## Exercise aim
Reproduce exactly the lines below from the one containing "NHL and NHLPA" through the one containing "Bears - OOAK", including both, and nothing else.
══ Records to process ══
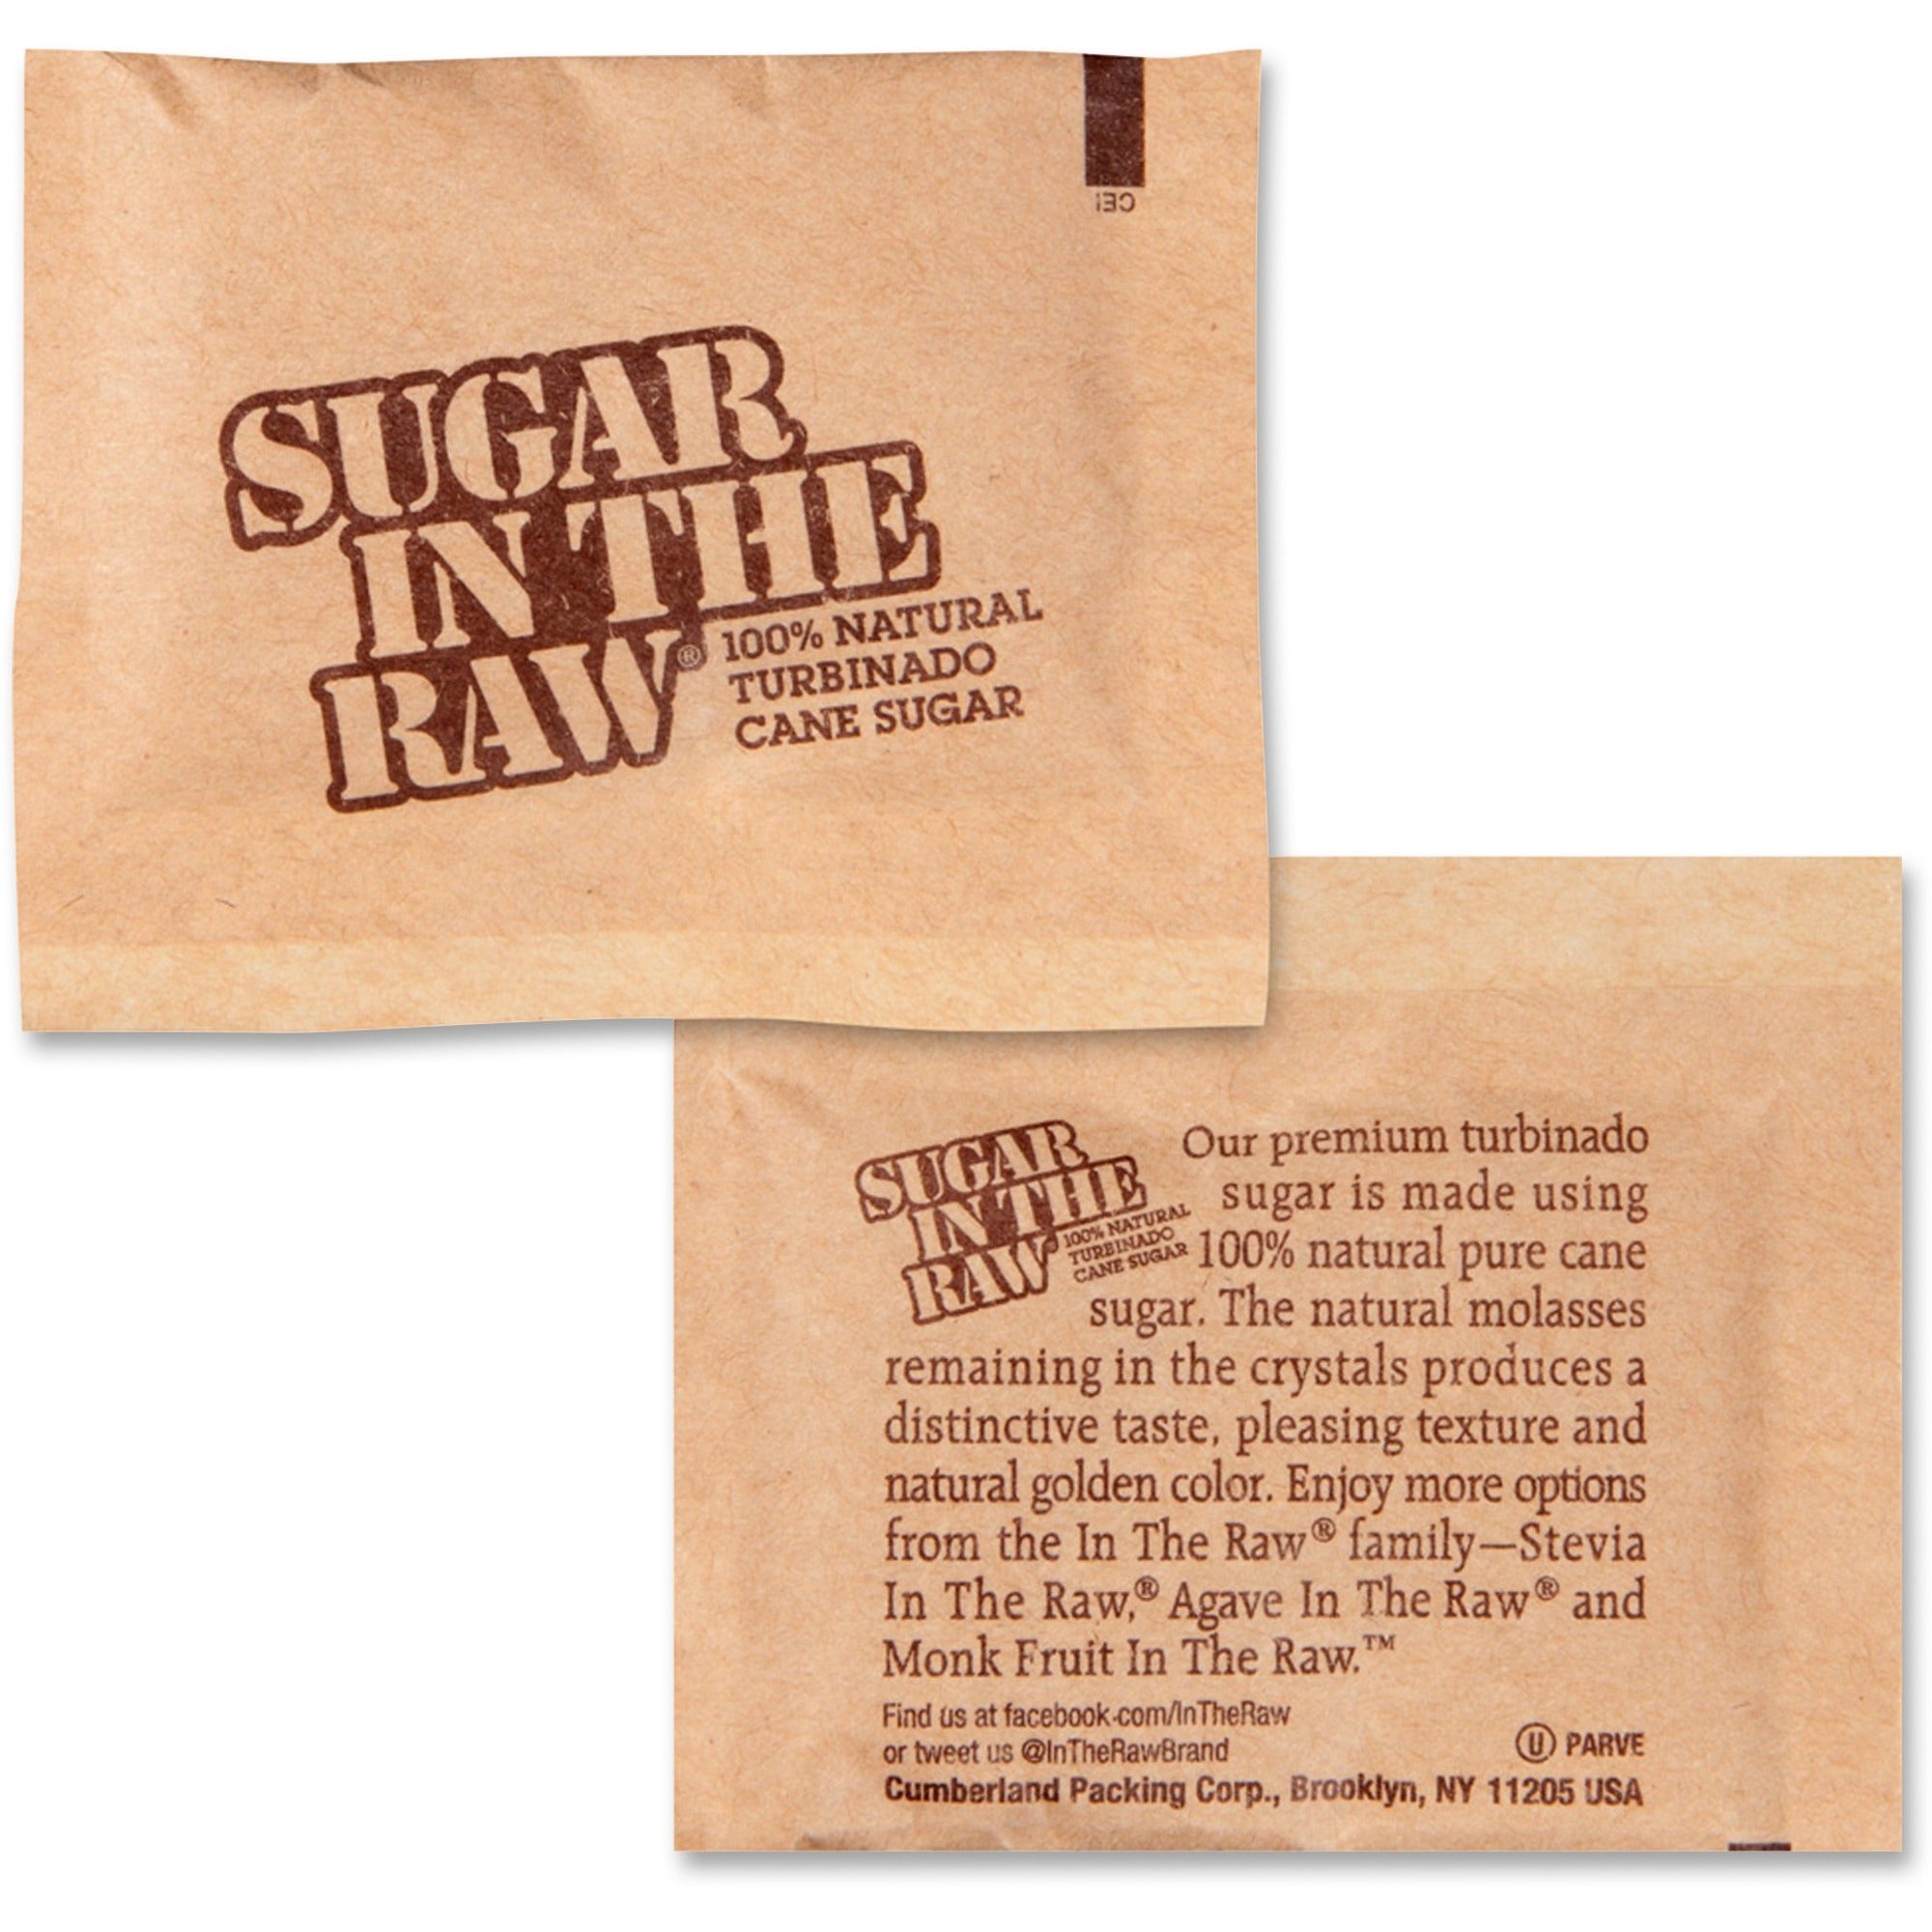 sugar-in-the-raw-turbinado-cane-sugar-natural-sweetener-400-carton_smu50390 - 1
═══
══ Records to process ══
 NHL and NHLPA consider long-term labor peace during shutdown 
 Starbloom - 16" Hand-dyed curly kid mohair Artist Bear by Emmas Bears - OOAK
═══
══ Records to process ══
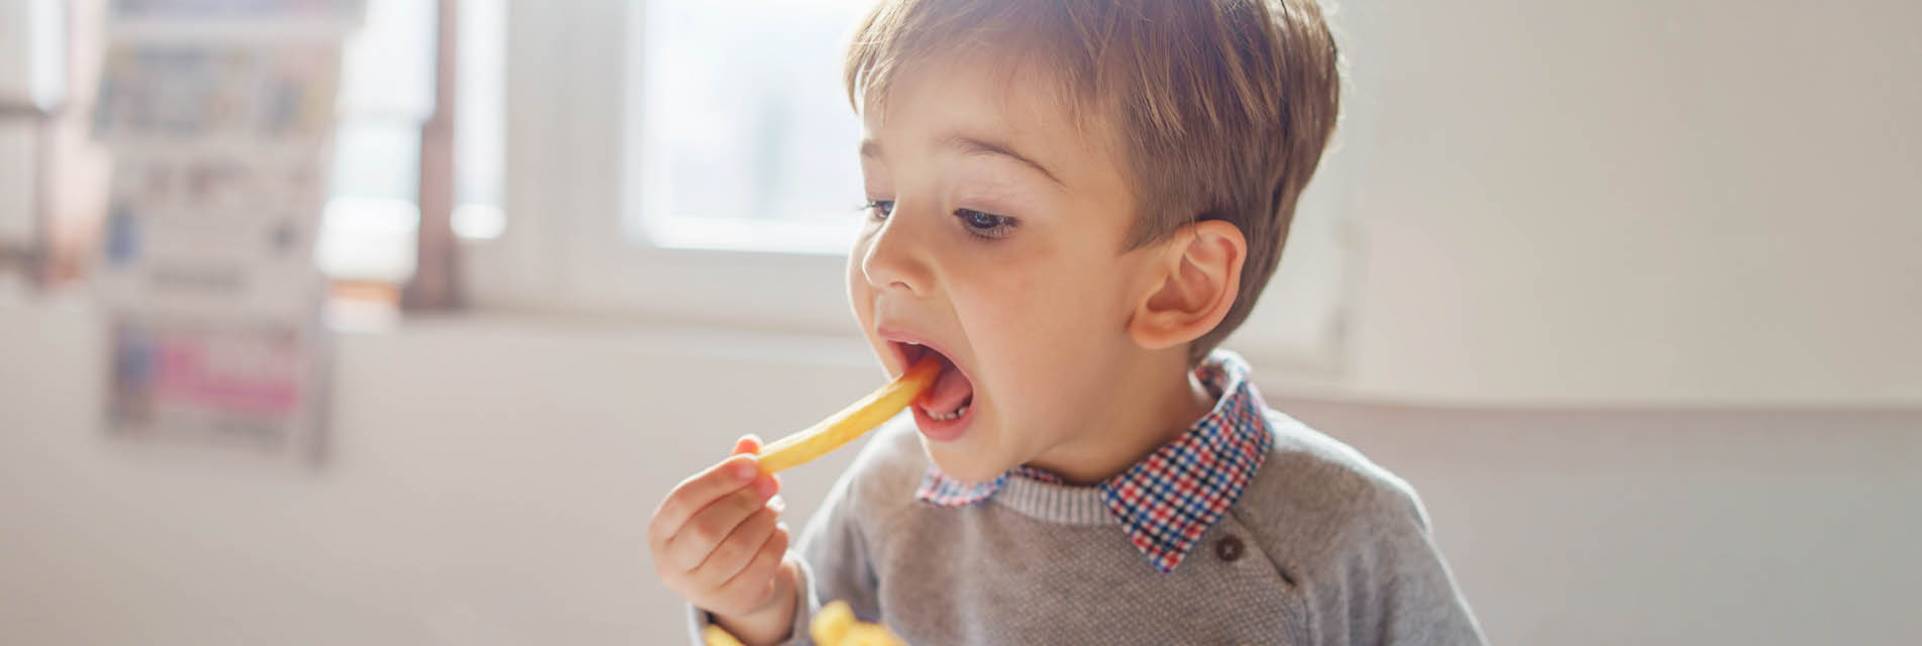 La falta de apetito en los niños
═══
## Answer below
 NHL and NHLPA consider long-term labor peace during shutdown 
 Starbloom - 16" Hand-dyed curly kid mohair Artist Bear by Emmas Bears - OOAK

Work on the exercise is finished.